Seventy-one percent support removing all remaining U.S. combat troops from Iraq, scheduled to happen by the end of next month; fewer but still easily a majority, 60 percent, support keeping up to 50,000 non-combat troops there in a supporting role.
In Afghanistan, 45 percent call Obama’s plan to start withdrawing troops by next summer “about right,” but an additional 31 percent say it should start sooner.
The key question about these wars is whether they’ve achieved their fundamental goal - improving long-term U.S. security - and the lukewarm answers underscore their challenges winning broader support.
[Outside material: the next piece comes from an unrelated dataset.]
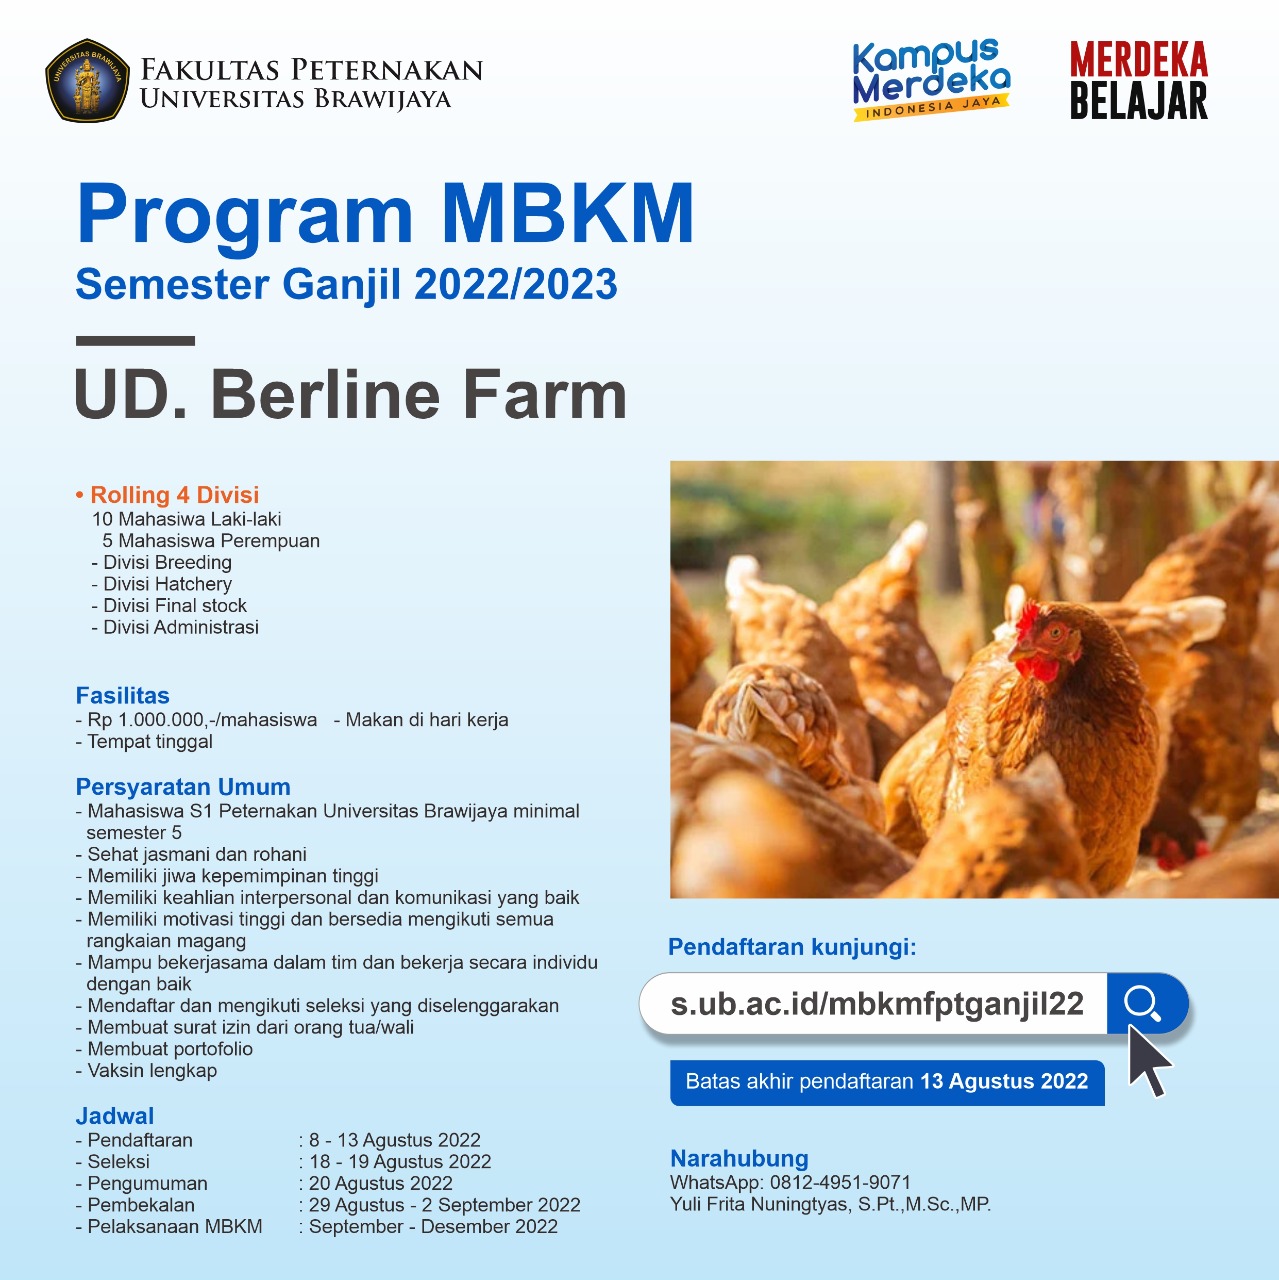 MBKM Program Odd Semester 2022/2023 UD. Berline Farm

Fifty-three percent of Americans say the war in Afghanistan has improved the long-term security of the United States - a majority, but hardly an overpowering one. Fifty percent say the same about the war in Iraq. And many fewer - 25 percent in both cases - say these wars have done “a great deal” to contribute to long-term security, a weak result given their costs in lives and lucre.
Among people who say the Afghanistan war has improved U.S. security, 68 percent also say the war has been worth fighting. In Iraq, among those who see security gains, 72 percent say that war’s been worth it.
Among those who see no security gains, however, the sense that these wars have been worth fighting plummets to 14 percent in Afghanistan, 10 percent in Iraq.
This ABC News/Washington Post poll was conducted by telephone July 7-11, 2010, among a random national sample of 1,288 adults, including landline and cell-phone-only respondents.
Results for the full sample have a 3.5-point error margin. (ANI)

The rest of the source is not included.